It's still not easy being green
With new emissions standards about to kick in, Maersk seeks low-sulfur fuel in paper mill waste.
Marine cargo carriers are scrambling to prepare for "IMO 2020," a set of new environmental regulations that kick in Jan. 1. The regulations, issued by the International Maritime Organization (IMO), are designed to curb pollution by banning ships from using fuel with a sulfur content higher than 0.5%. That's down from the previous limit of 3.5%, which was established in 2012.
Low-sulfur fuel is more expensive than the traditional, sludgy "bunker" fuel, however, so container carriers are looking for green alternatives. Now, Danish shipping giant A.P. Møller - Maersk thinks it may have found a winning mix in an unlikely place—a waste byproduct of pulp and paper mills that is usually burned to produce steam and electricity.
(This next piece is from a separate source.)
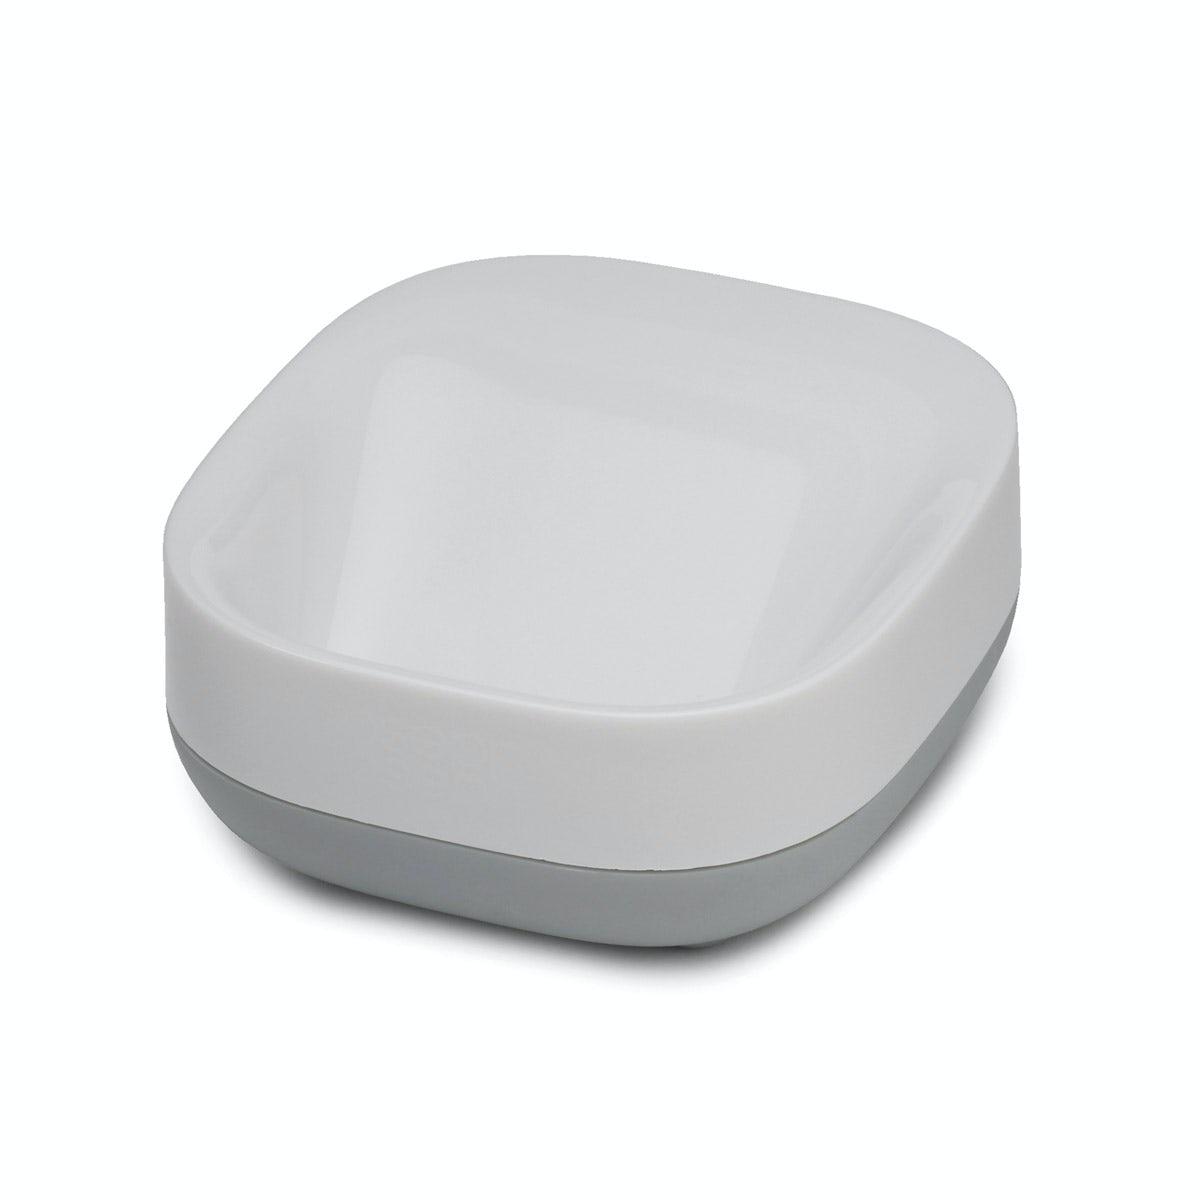 Joseph Joseph Slim grey compact soap dish

Maersk is exploring the use of LEO, a blend of ethanol, the plant-based gasoline substitute, and lignin, a structural bio-polymer that contributes to the rigidity of plants. The company says that lignin is easy to find; it is isolated in large quantities as a byproduct in paper factories.
To explore LEO's potential as a maritime fuel, Maersk has teamed up with the Norwegian/Swedish shipping company Wallenius Wilhelmsen Logistics to collaborate with Copenhagen University and major customers including BMW Group, H&M Group, Levi Strauss & Co., and Marks & Spencer.
The resulting LEO Coalition plans to explore the environmental and commercial viability of using the new fuel for containerships. "Shipping requires bespoke low-carbon fuel solutions [that] can make the leap from the laboratory to the global shipping fleet. Initiatives such as the LEO Coalition are an important catalyst in this process," recently departed Maersk Chief Operating Officer Søren Toft said in a release.